The offered answer looks like a significant improvement, especially for eliminating the need to read through $sourcefile separately for each profile. The way I understand it, code looks at each line in the log and matches it against each pattern. As soon as it finds a match, it outputs that match to the output file and moves onto the next line in the log, starting back from the first pattern. I am just not sure if it will then add more matched lines to the existing output files, or will it replace them.
@PredragVasić I follow your comment until the last sentence. It will append to the output files as determined by the match during each pass.
as for the -ReadCount 5000, based on my results, the line performs regex on 5,000 lines at a time, line by line. The output from this code seems correct, with output files containing over 400k of matched lines from a source with over 700k lines. When I first had the code without -ReadCount 5000, it took forever to run. Someone else suggested adding it in, and apparently, it loads 5,000 lines into memory at a time, making it much faster, rather than reading each line from the file every time it performs the match. This is how it was explained to me, and results seem to confirm it.

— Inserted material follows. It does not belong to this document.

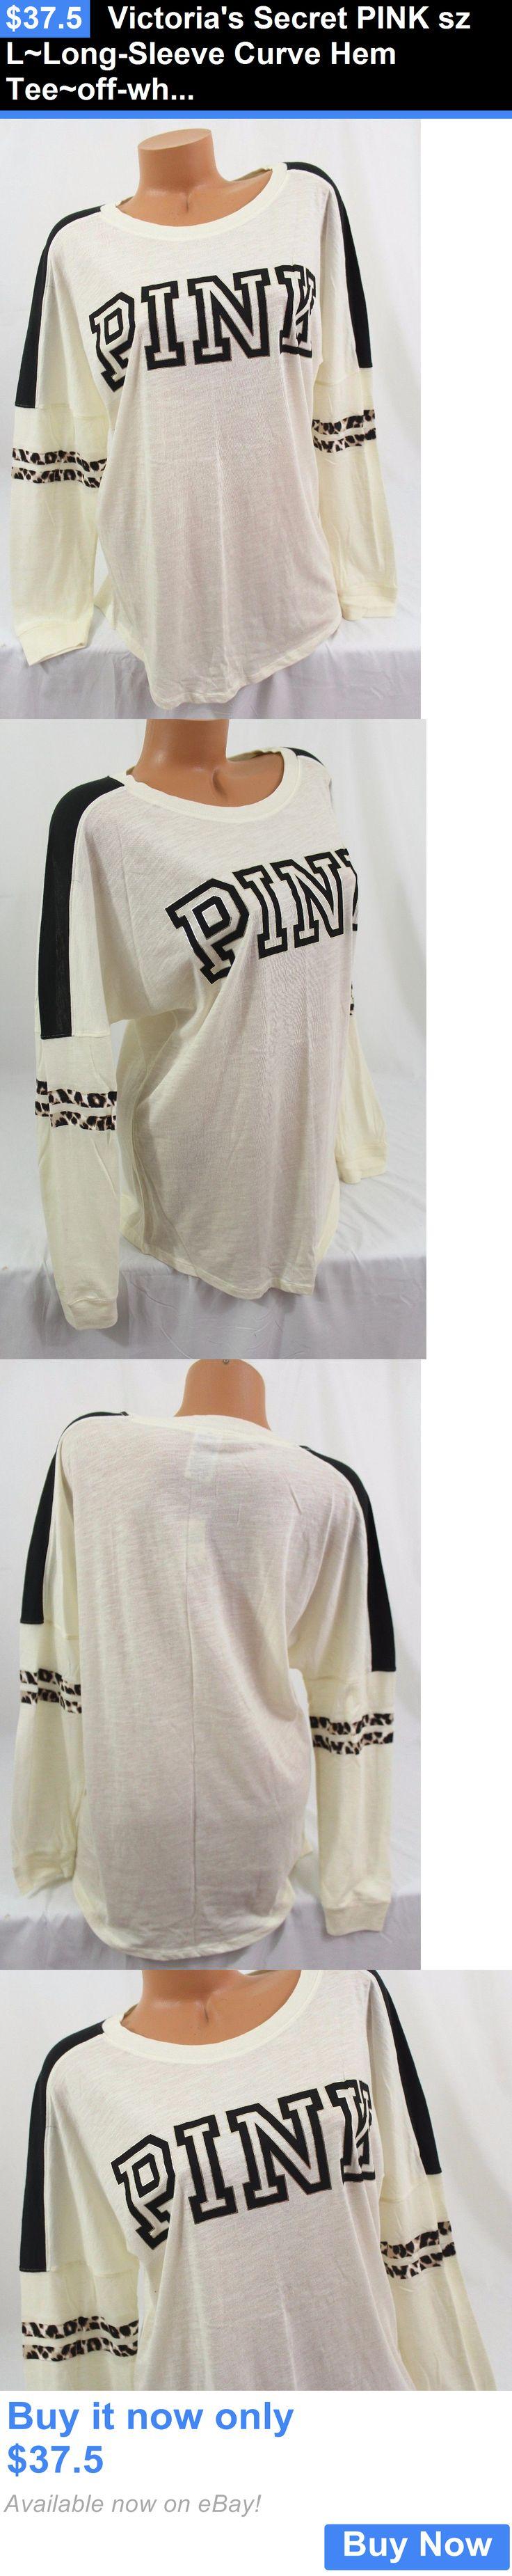 Women T Shirts: Victorias Secret Pink Sz L~Long-Sleeve Curve Hem Tee~Off-White/Black/Leopard BUY IT NOW ONLY: $37.5
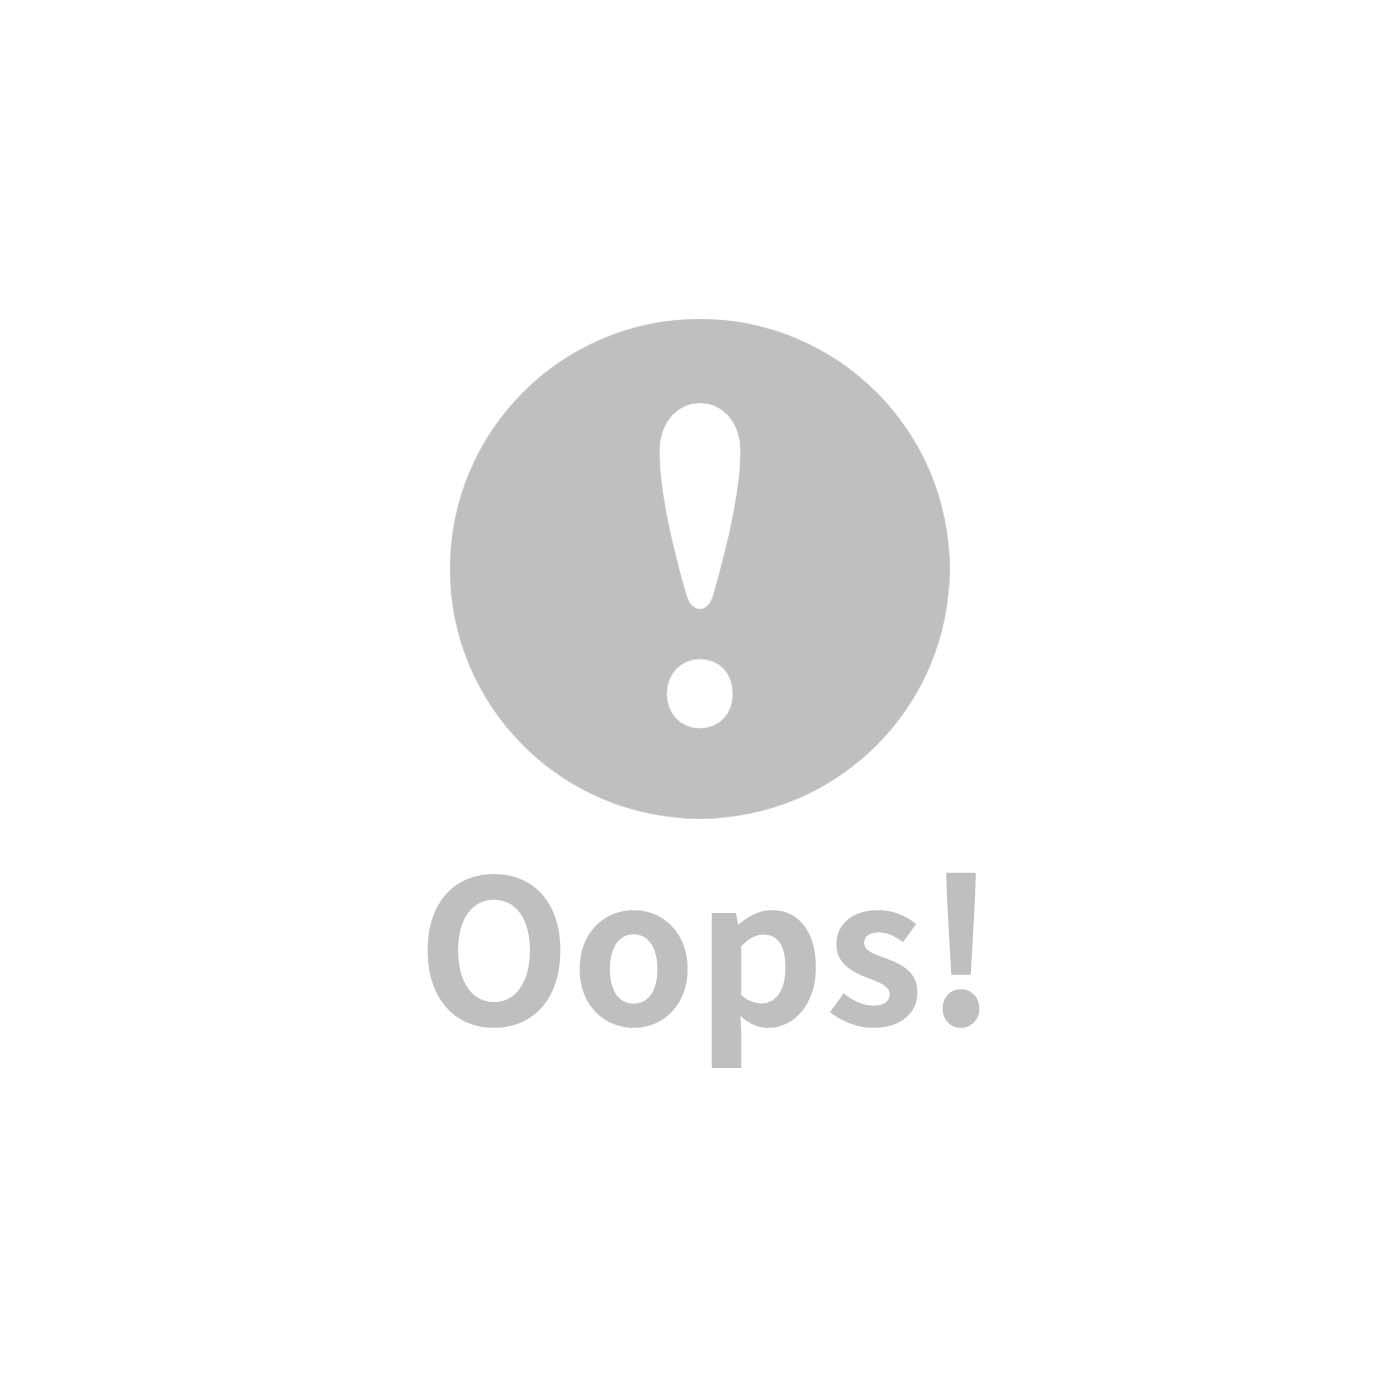 IG照與隋棠兒子MAX同款護頭型嬰兒枕-La Millou 天使枕/新生兒房扁頭嬰兒枕/固定頭型

That sounds just perfect! I'm currently working on rewriting the script and will test it. I'm curious to see the difference in performance. I'll report back later. Thank you again so much for the advice and solutions!
One more note, regarding the last one that is essentially a -notmatch. If I use a hash table to store pairs of profile names and regex patterns, then I can't use the -nomatch without some additional logic (checking for that last pattern). However, what might be possible is the following. All other patterns match specific lines in the log; the last one actually grabs all lines that don't match any other patterns and sends them to its own output file. Since your code checks every line against each pattern, we could simply send the line to that last target file if nothing matches.